— WORK TASK —
Without including the pictures, copy out every line below.

— RAW DATA —
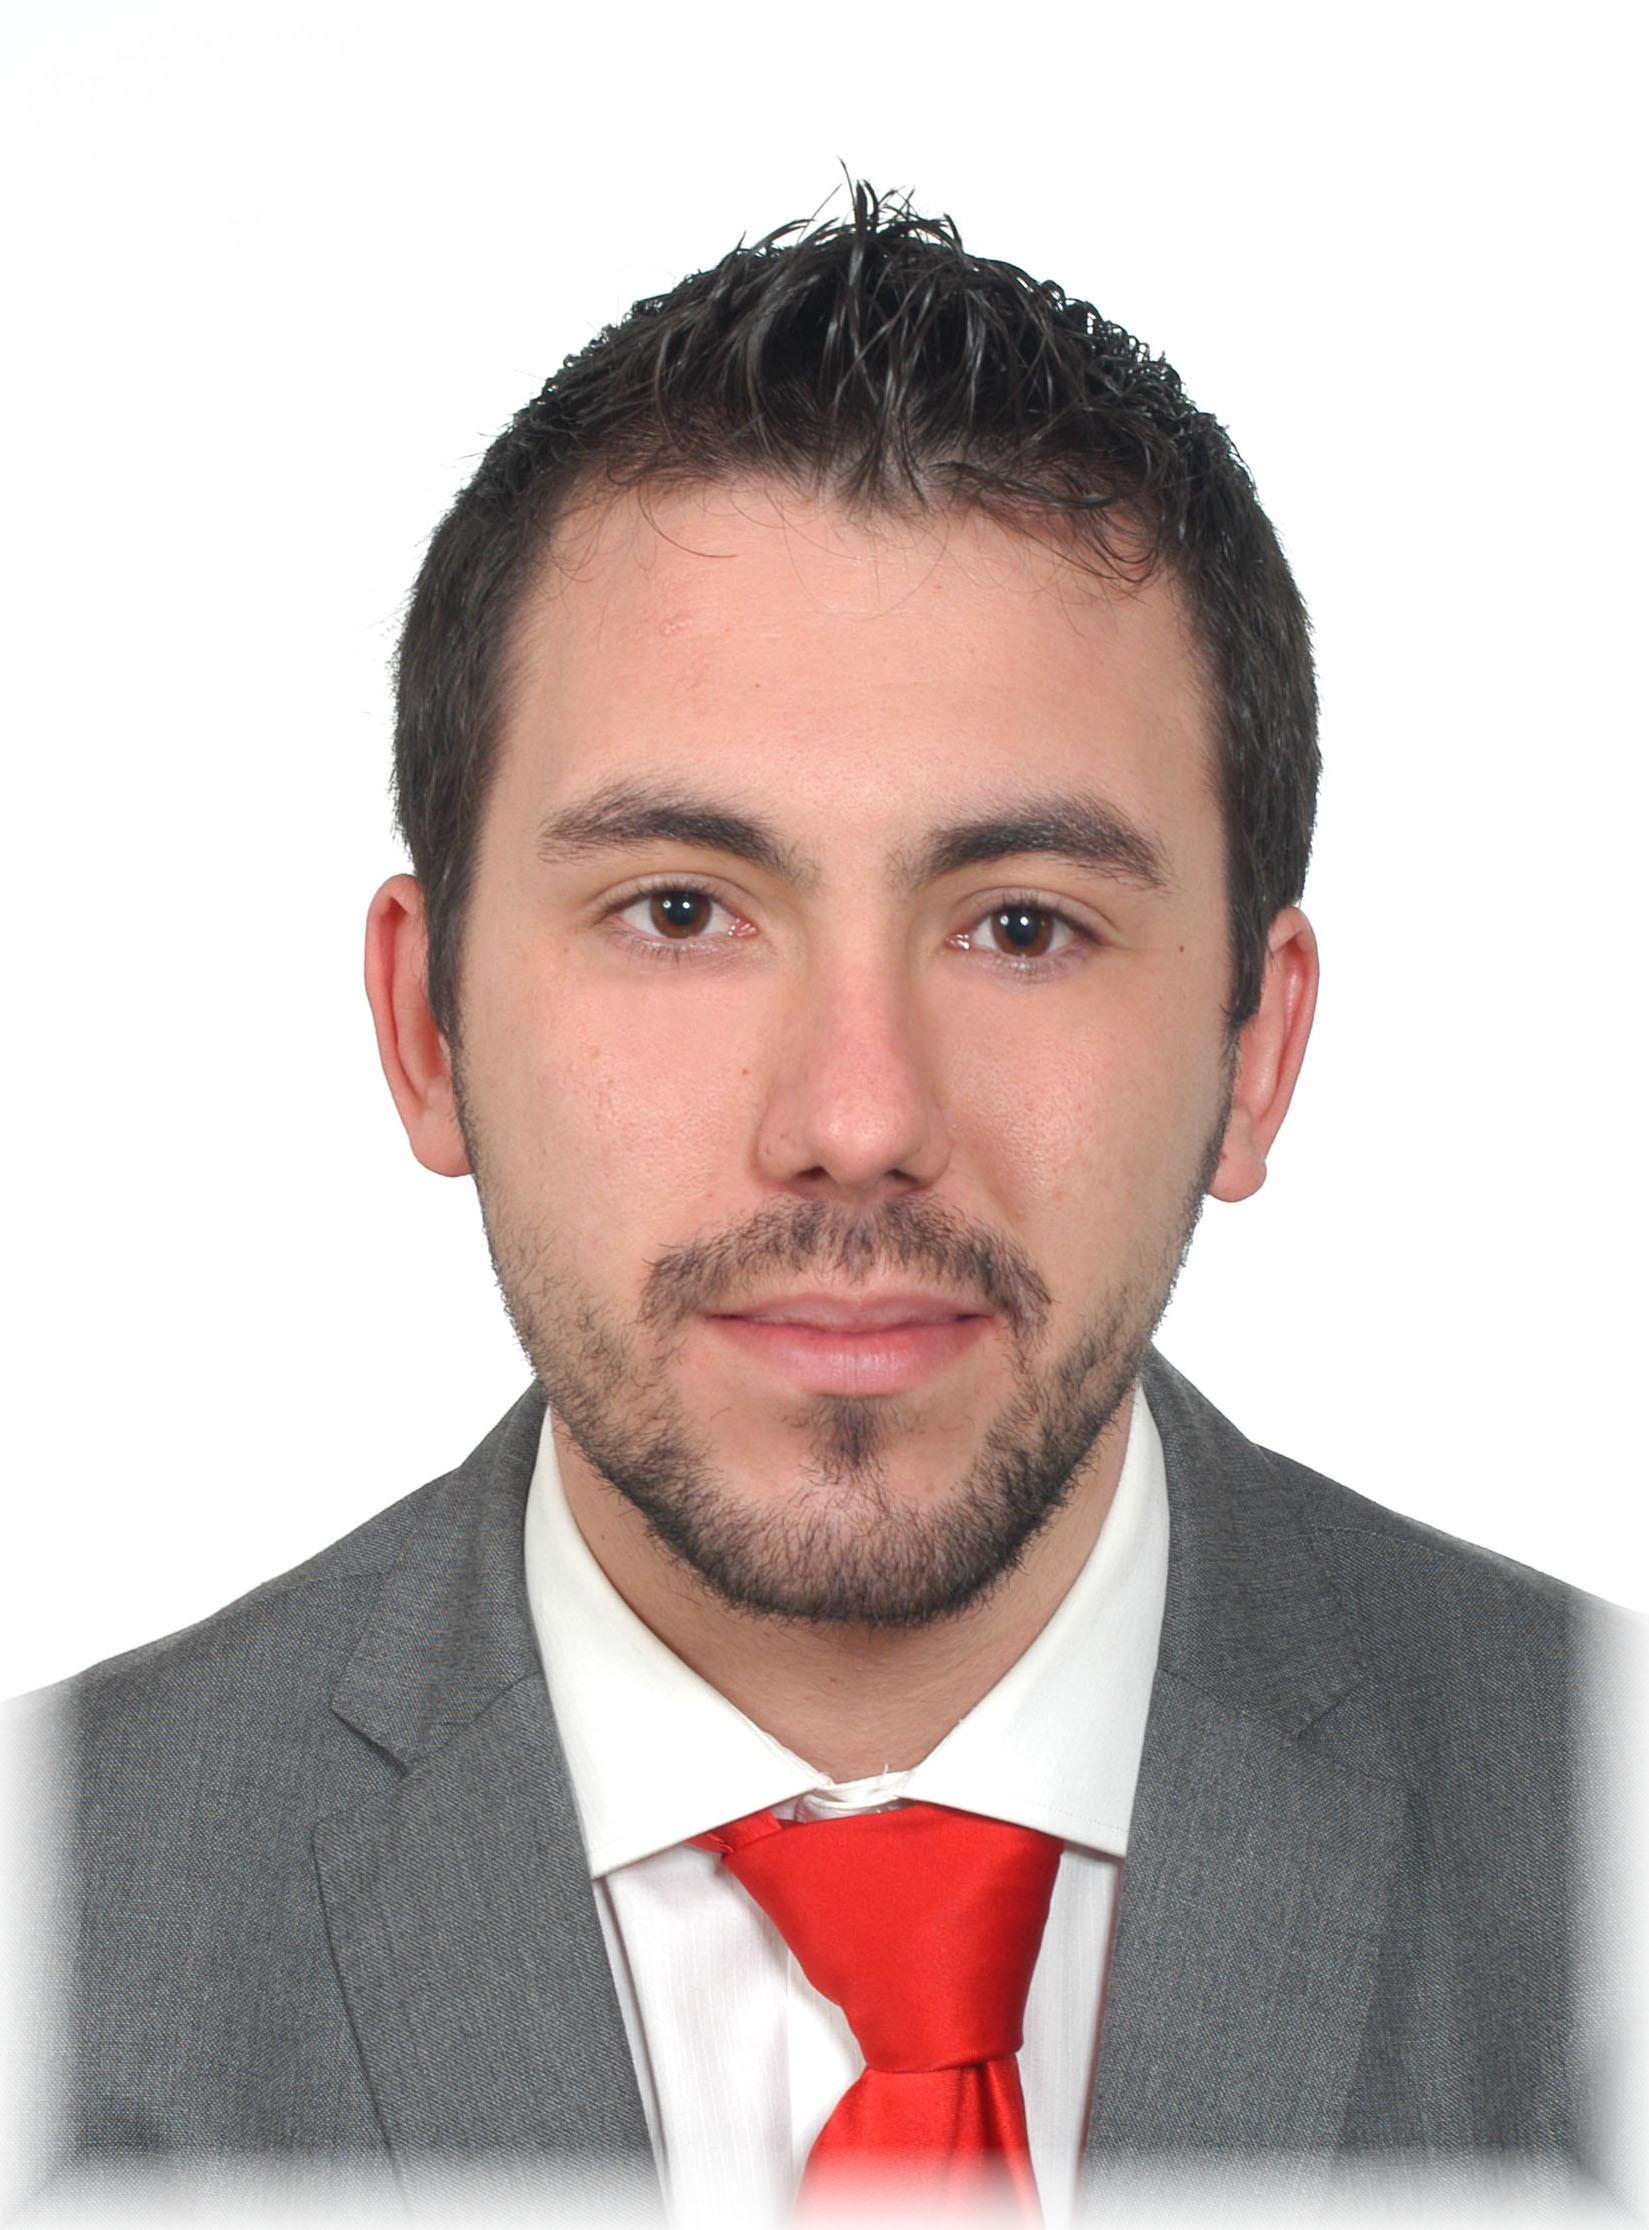 Raul Gallardo
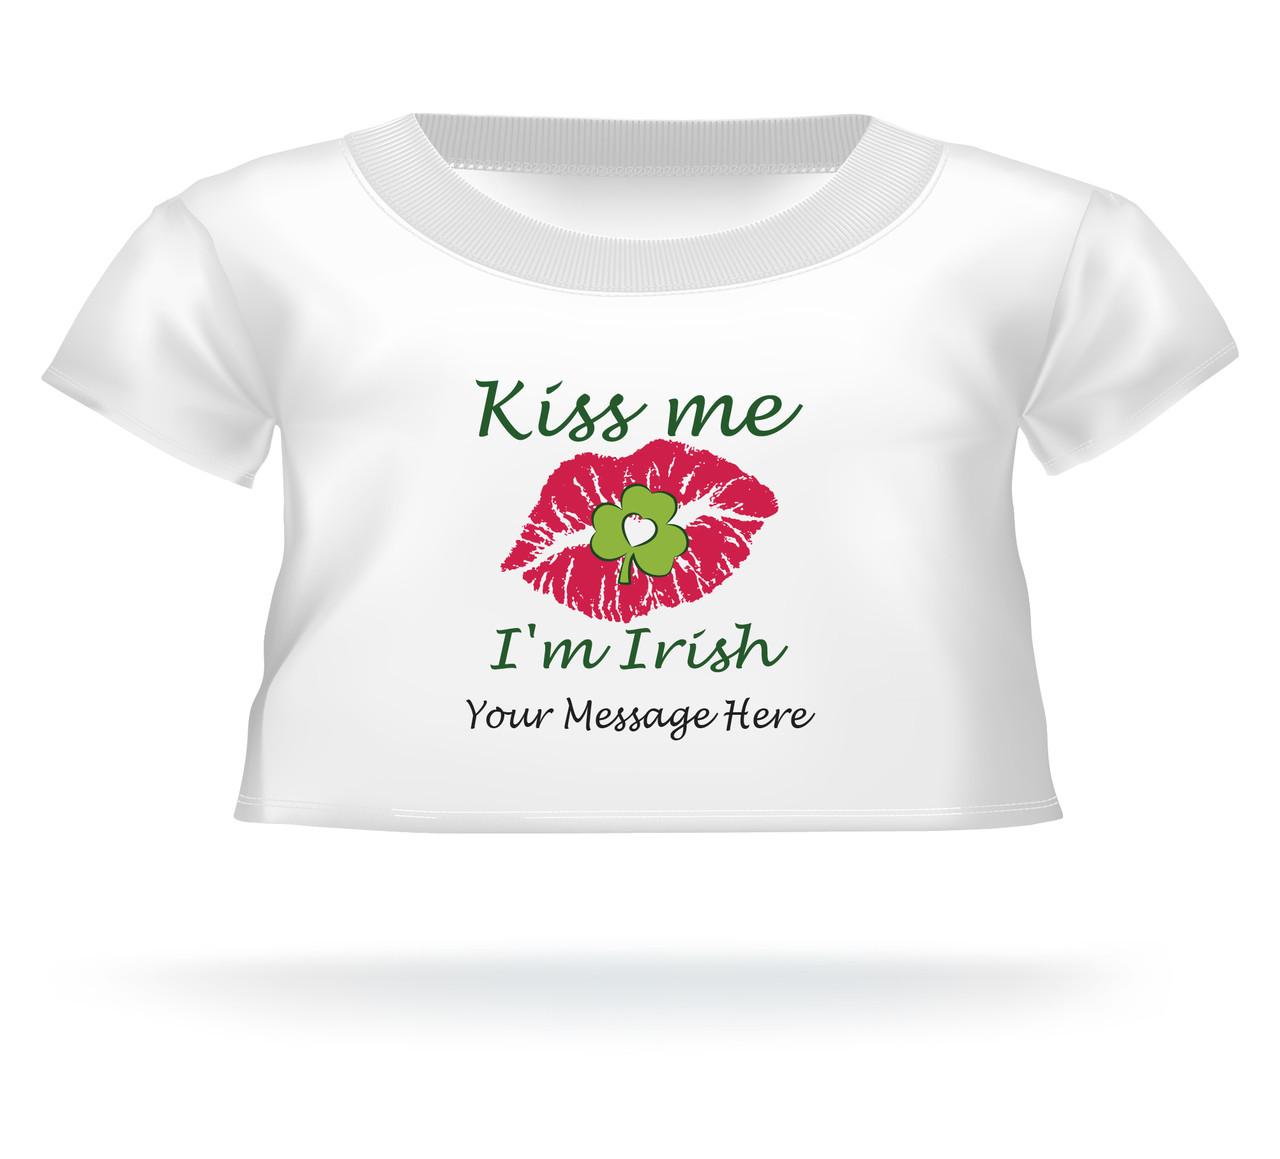 St. Patrick's Day Kiss Me I'm Irish lips sealed w/clover Giant Teddy Bear Personalized Shirt
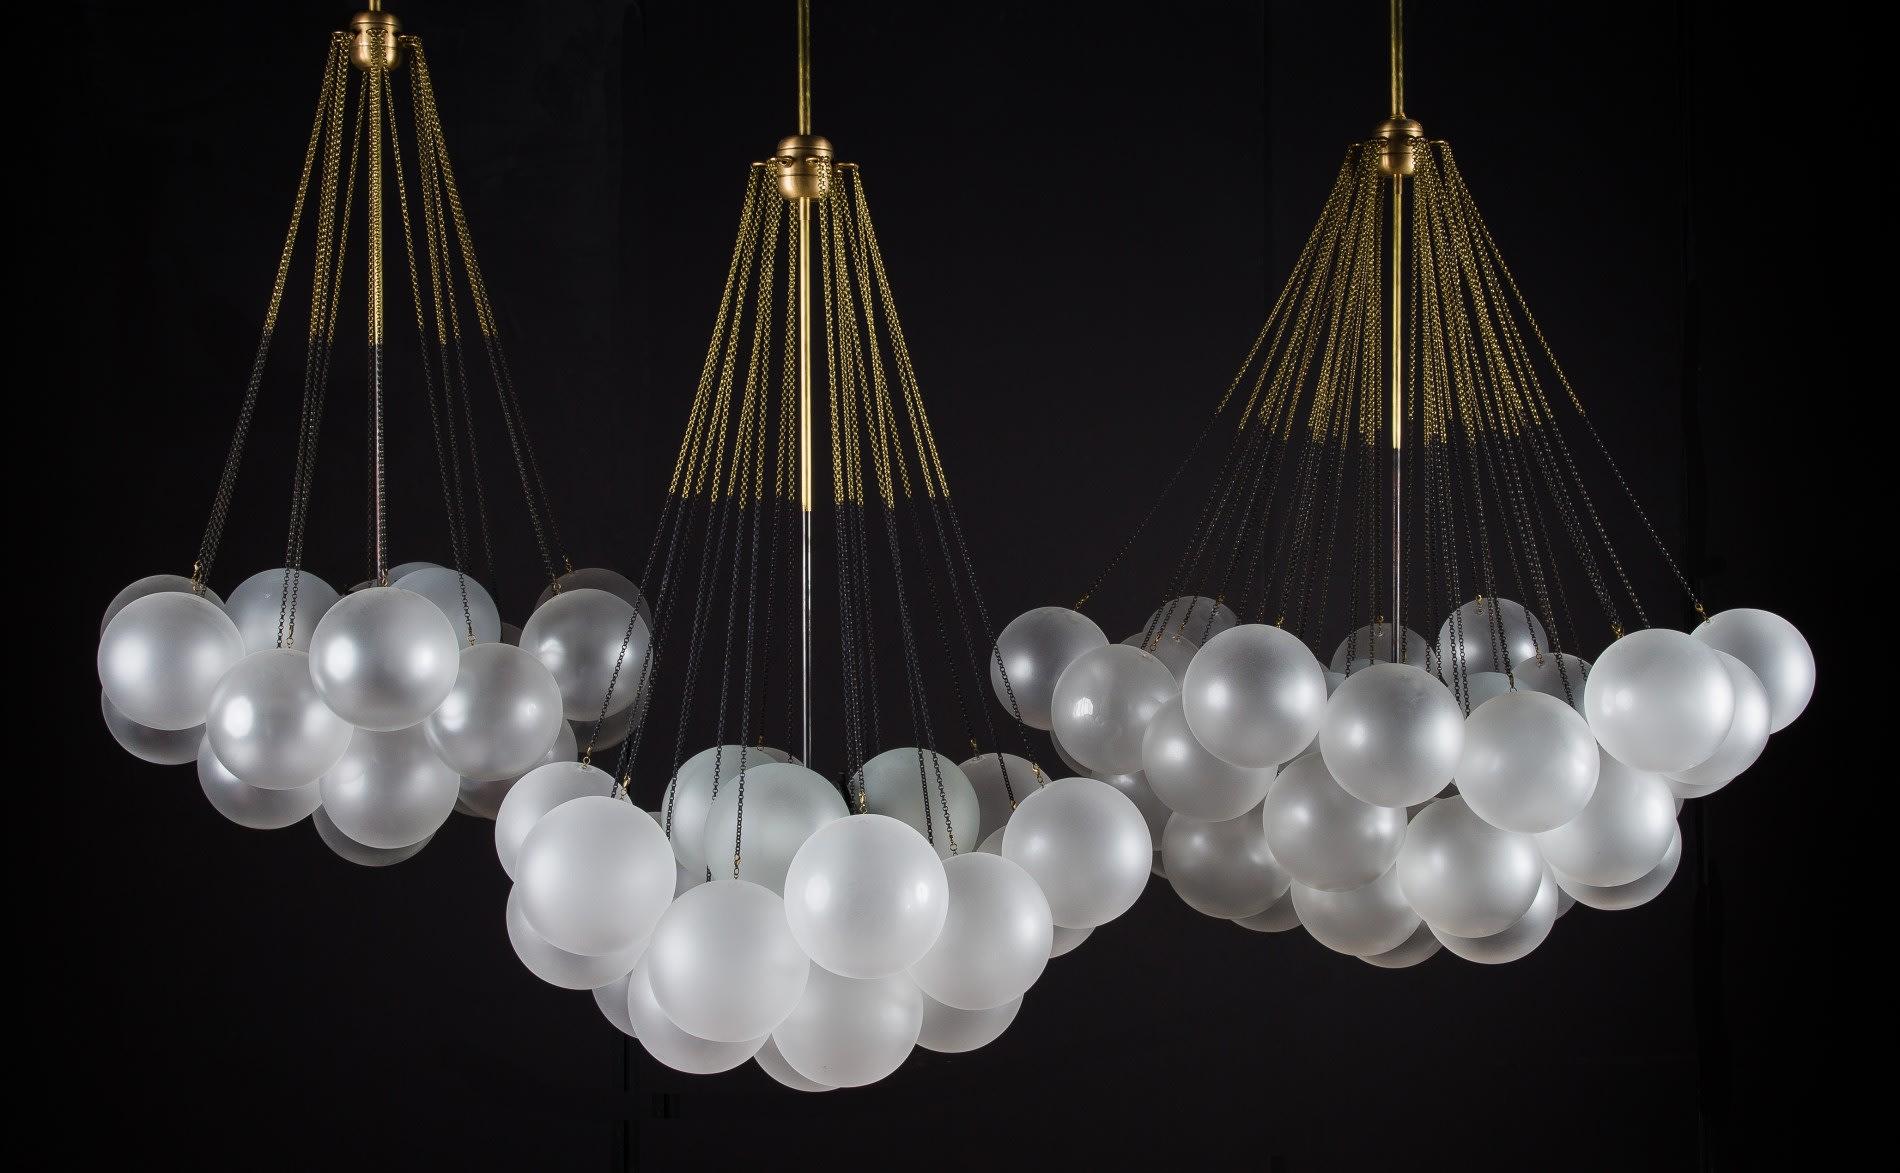 Lighting By Apparatus Studio At The Marlton Hotel New York Cloud Light Fixture

— SOLUTION BELOW —
 Raul Gallardo
 St. Patrick's Day Kiss Me I'm Irish lips sealed w/clover Giant Teddy Bear Personalized Shirt
 Lighting By Apparatus Studio At The Marlton Hotel New York Cloud Light Fixture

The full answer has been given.